Hadits ini memberikan pengertian bahwa wafat pada hari Jumat memiliki keutamaan tersendiri, di mana orang tersebut akan mendapat perlindungan dari Allah dari azab kubur. 

Meski demikian, para ulama sepakat bahwa hal ini bukan berarti menjamin bahwa seseorang yang wafat pada hari Jumat pasti akan masuk surga, karena amal perbuatan seseorang tetaplah penentu utama.

Hari Jumat, selain menjadi waktu yang sangat mulia, juga merupakan waktu untuk melakukan ibadah yang lebih intens. Umat Muslim diwajibkan untuk melaksanakan shalat Jumat, yang merupakan salah satu kewajiban paling utama bagi kaum pria. 

Di hari ini, banyak doa yang dipanjatkan kepada Allah SWT, dan umat Muslim diminta untuk berusaha agar dapat meraih keberkahan hari tersebut. Hal ini tidak hanya terkait dengan yang hidup, tetapi juga mereka yang sudah wafat. 

Oleh karena itu, keyakinan bahwa wafat pada hari Jumat adalah pertanda baik tidak hanya dilihat dari sisi spiritualitas hidup, tetapi juga dari sisi penghormatan terhadap hari yang penuh berkah ini.

Bagi keluarga yang ditinggalkan, terutama yang kehilangan anggota keluarga pada hari Jumat, percaya bahwa orang yang mereka cintai mendapatkan kemuliaan dan perlindungan dari Allah dapat memberikan rasa ketenangan. 

Keyakinan ini memberikan harapan bahwa orang yang wafat pada hari Jumat mendapat kemudahan di alam kubur dan kelak di akhirat.

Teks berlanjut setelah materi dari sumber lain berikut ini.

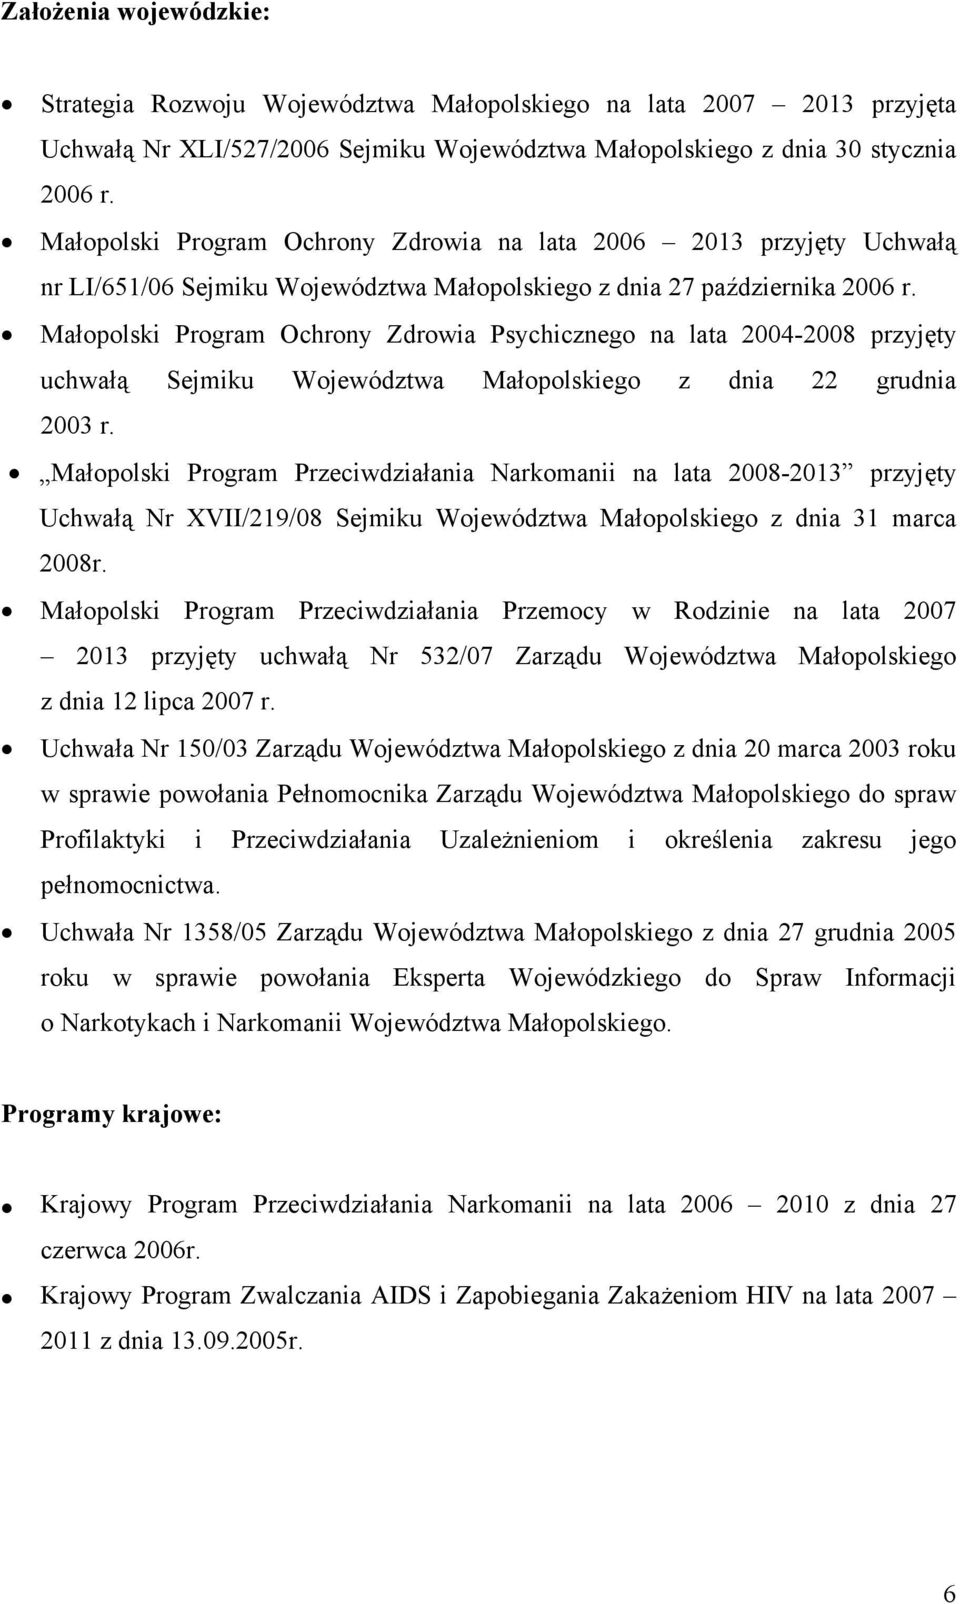 Małopolski Program Ochrony Zdrowia Psychicznego na lata 2004-2008 przyjęty uchwałą Sejmiku Województwa Małopolskiego z dnia 22 grudnia 2003 r.

Hal ini tentu bisa menjadi penghibur di tengah kesedihan.

Namun, tidak dapat dipungkiri bahwa konsep pertanda baik ini tetap bersifat subjektif, tergantung pada pandangan dan keyakinan masing-masing individu. Banyak orang yang percaya, namun ada juga yang menganggap ini hanya sekadar mitos belaka.